Member of the Legislative Assembly of Manitoba
- In office 1973–1988

Personal details
- Born: April 27, 1927 Winkler, Manitoba, Canada
- Died: March 5, 1994 (aged 66) Winkler, Manitoba, Canada
- Party: Progressive Conservative Party of Manitoba
- Occupation: Politician

= Arnold Brown (politician) =

Canadian politician

Peter Arnold Brown (April 27, 1927 in Winkler, Manitoba – March 5, 1994) was a politician in Manitoba, Canada. He was a member of the Legislative Assembly of Manitoba from 1973 to 1988, representing the riding of Rhineland for the Progressive Conservative Party.

The son of Isaac J. Brown and Katherine Hamm, he was educated in Rosenbach and Winkler. In 1960, he married Katie Jansen. Brown worked as a businessman and a farmer before entering political life. He served as a councillor in the town of Winkler from 1967 to 1974, and was the first vice-president of the Manitoba Beet Growers Association for a time, as well as serving on several local boards.

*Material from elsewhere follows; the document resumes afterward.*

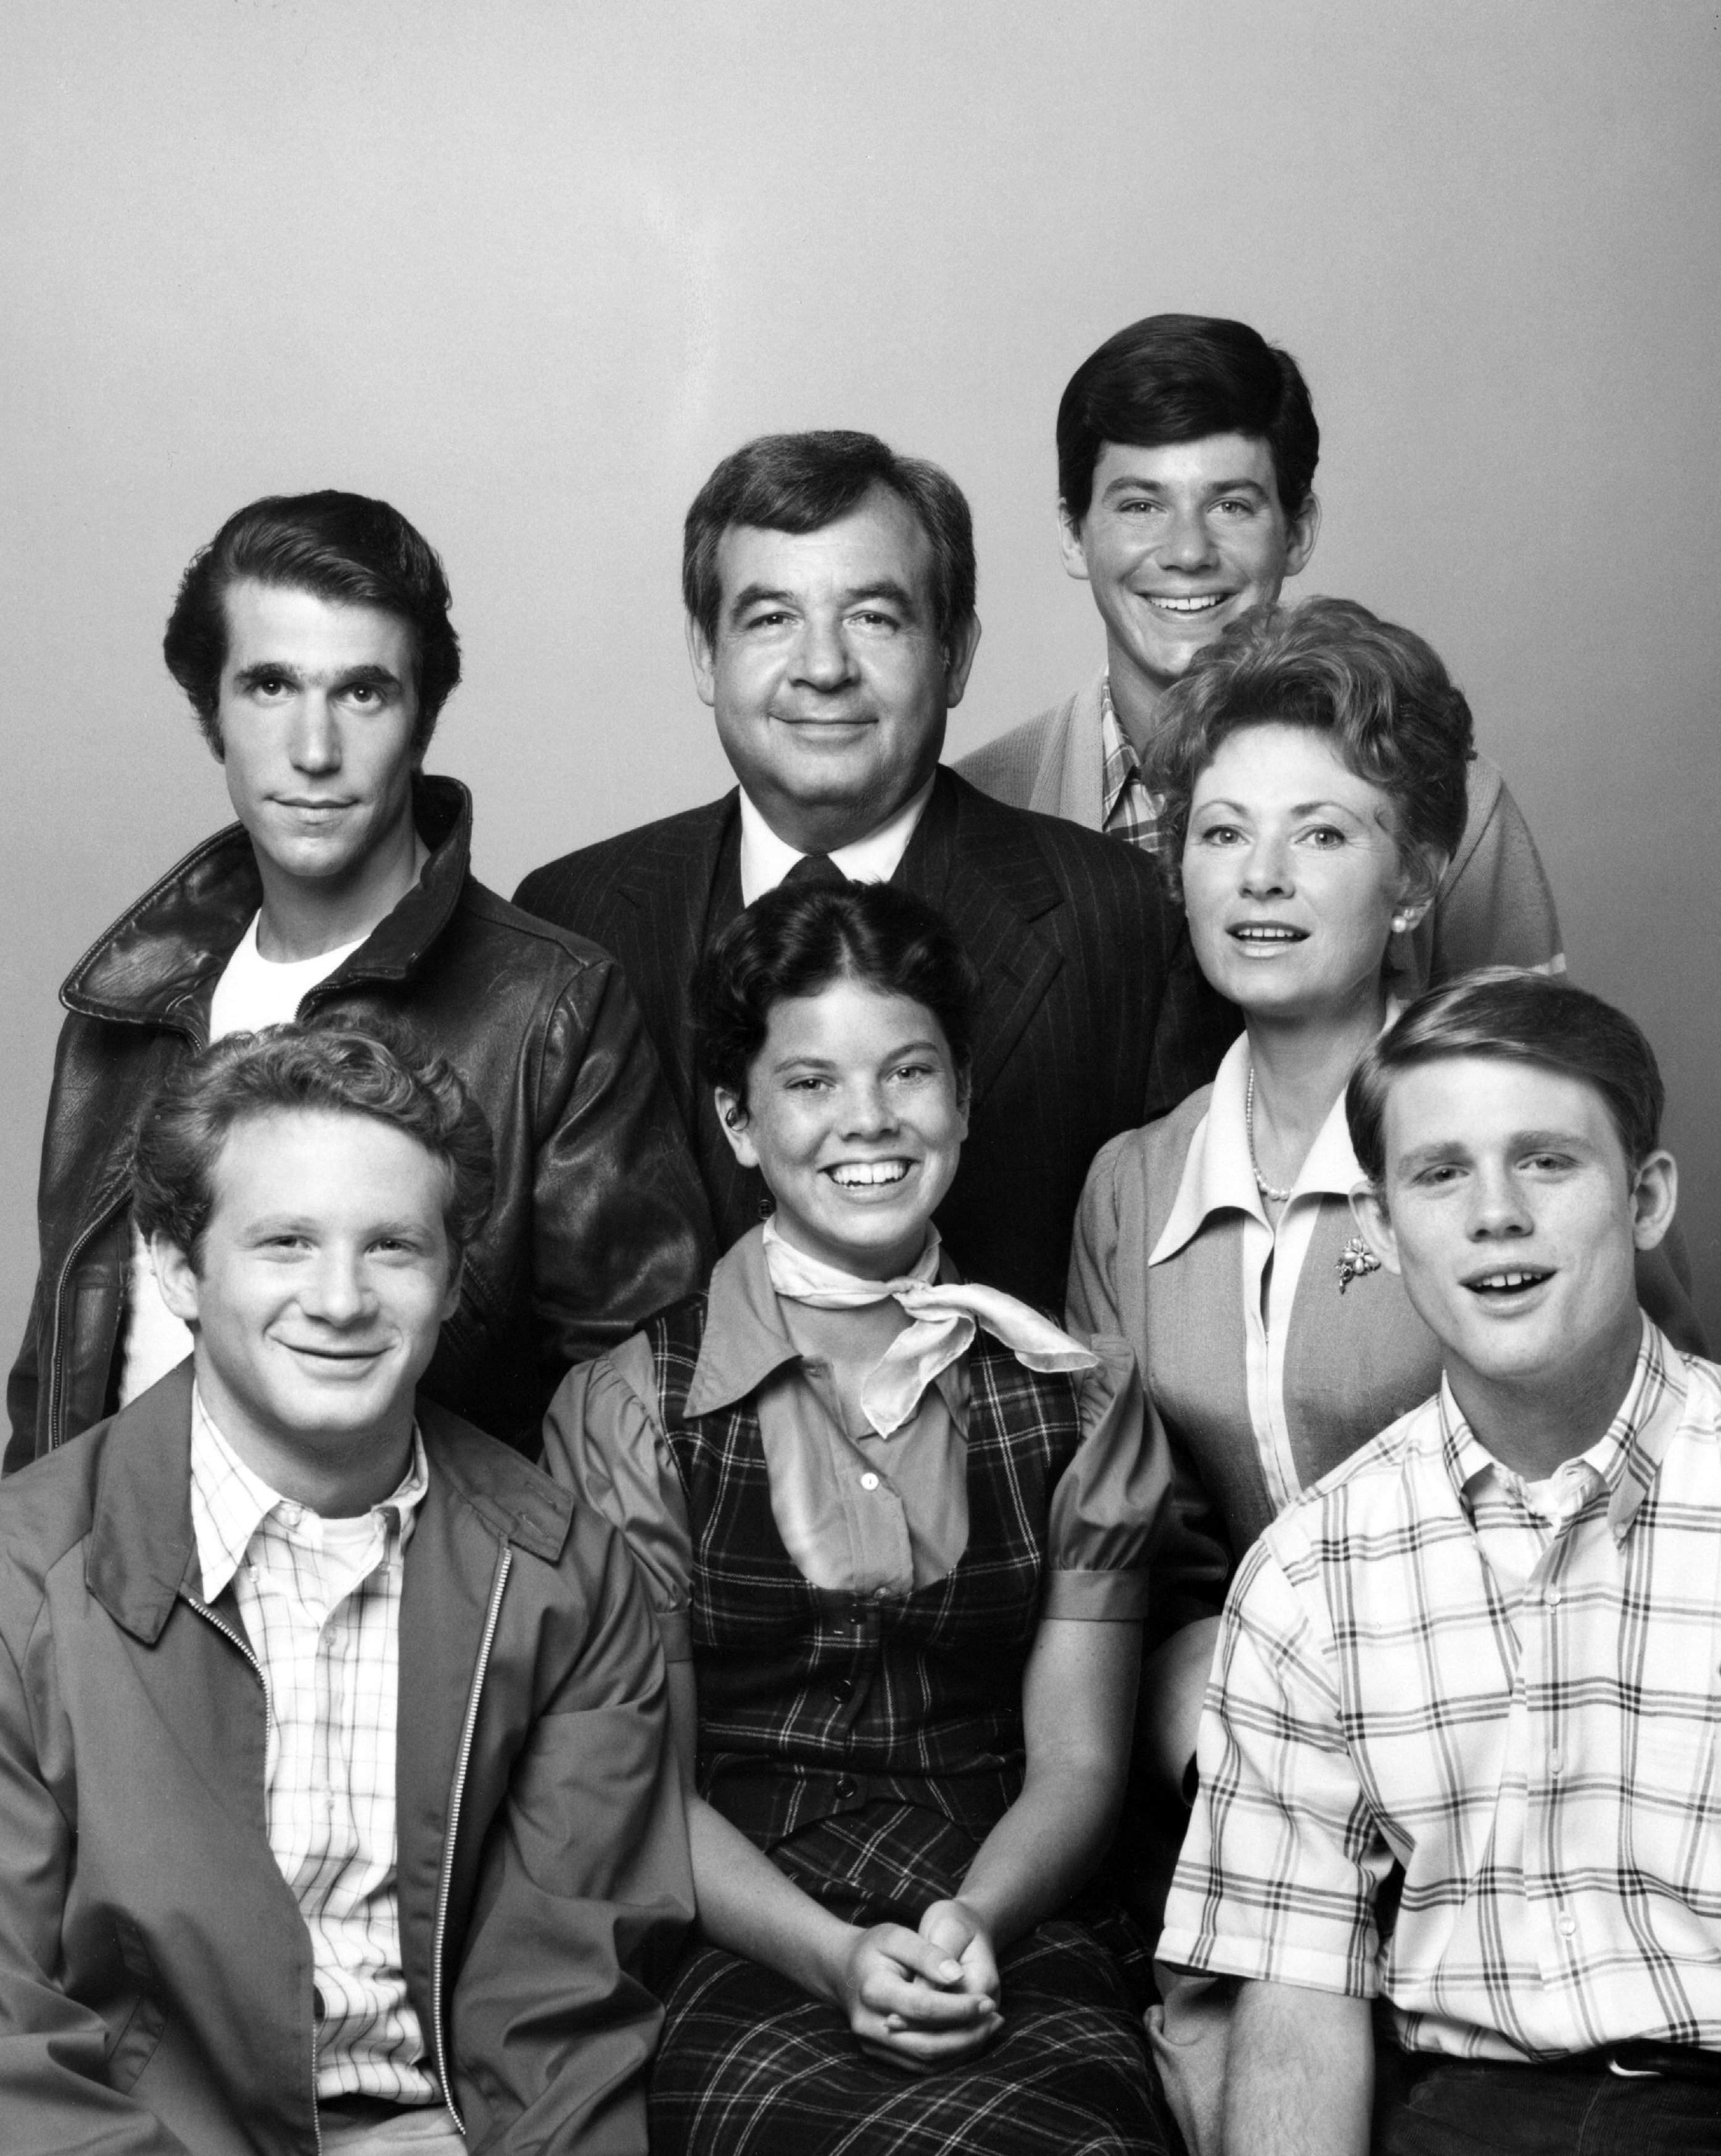 Marion Ross, Tom Bosley, Erin Moran, Ron Howard, Gavan O'Herlihy, Donny Most, Anson Williams, and Henry Winkler on "Happy Days" Season One , January 15, 1974 | Source: Getty Images

Brown was first elected to the Manitoba legislature in the provincial election of 1973, defeating Social Credit Party leader and MLA Jacob Froese by about 1,400 votes (the Social Credit Party would never again elect an MLA in Manitoba). He was re-elected in the 1977 election, which the Tories won under Sterling Lyon; Brown, however, was not appointed to cabinet. He was re-elected in the elections of 1981 and 1986, and resigned in 1988 when his riding was eliminated through redistribution. He died in Winkler in 1994.